For his part, Ivan, with only a few weeks to live, recognizes that he has wasted his time on earth, that he has led an outwardly respectable, but inwardly barren, existence. He looks back at his upbringing, education and career and finds that everything he did was motivated by the desire to appear important in the eyes of others; his own interests and sensitivities were sacrificed for the sake of impressing people who, he sees only now, do not care a jot for him. One night, in the early hours, tormented by pain, ‘it occurred to him that those scarcely perceptible impulses of his to protest at what people of high status considered good, vague impulses which he had always suppressed, might have been precisely what mattered, and all the rest had not been the real thing. His official duties, his manner of life, his family, the values adhered to by people in society and in his profession – all these might not have been the real thing.’ The sense of having wasted his short life is compounded by the recognition that it was only his status that those around him loved, not his true, vulnerable self. He was respected for being a judge, for being a wealthy father and head of household, but with these assets about to disappear, in agony and afraid, he cannot count on anyone’s love: ‘What tormented Ivan Ilyich most was that no one gave him the kind of compassion he craved. There were moments after long suffering when what he wanted most of all (shameful as it might be for him to admit) was to be pitied like a sick child. He wanted to be caressed, kissed, cried over, as sick children are caressed and comforted. He knew that he was an important functionary with a greying beard, and so this was impossible; yet all the same he longed for it.’
After Ivan has breathed his last, his so-called friends come to pay their respects, but regret all the while the disruption that the death has caused to their whist-playing schedule. Looking at Ivan’s waxy, hollow face in its coffin, his colleague Pyotr Ivanovich starts to reflect that death may one day claim him too – and that this could have stern implications, especially for the logic of spending most of his energies on card games. ‘ “Why, the same thing could happen to me at any time now,” thought Pyotr Ivanovich and for a moment he felt panic-stricken. But at once, he himself did not know how, he was rescued by the customary reflection that all this had happened to Ivan Ilyich, not to him, that it could not and should not happen to him; and that if he were to grant such a possibility, he would succumb to depression.’

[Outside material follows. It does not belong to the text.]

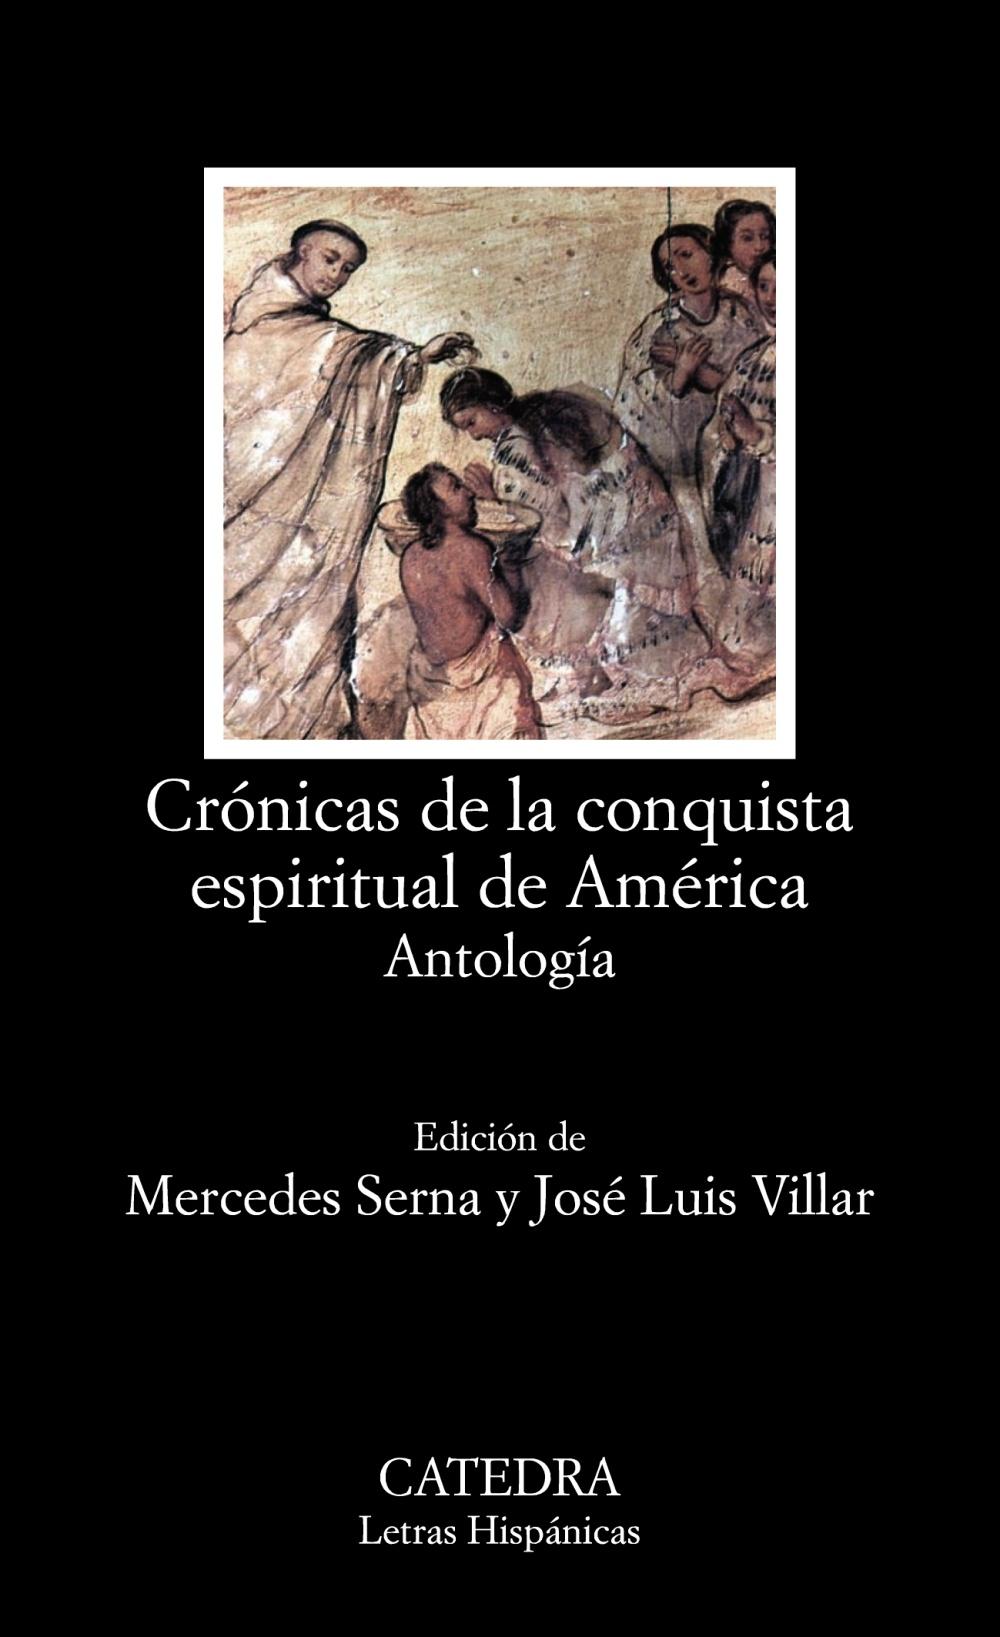 CRONICAS DE LA CONQUISTA ESPIRITUAL DE AMERICA "ANTOLOGIA"

If Tolstoy understood so well the power of death to change our sense of what we should concern ourselves with, it was because he had himself, only a few years before writing the novella, questioned his own life in the context of a new-found awareness of his mortality. In A Confession (1882), a record of his death-inspired interrogations, he explained that, at the age of fifty-one, with War and Peace and Anna Karenina behind him, world-famous and rich, he had recognized how, from an early age, he had lived not according to his own
values, or to those of God, but to those of ‘society’ and how this had inspired in him a restless desire to be stronger than others; to be more famous, more important and richer than they. In his social circle, ‘ambition, love of power, covetousness, lasciviousness, pride, anger and revenge were all respected’. But now, with death in mind, he doubted the validity of his previous ambitions. ‘ “Well, you will have 6,000 desyatinas of land in Samara Government and 300 horses, and what then? … Very well; you will be more famous than Gogol or Pushkin or Shakespeare or Molière, or than all the writers in the world – and what of it?”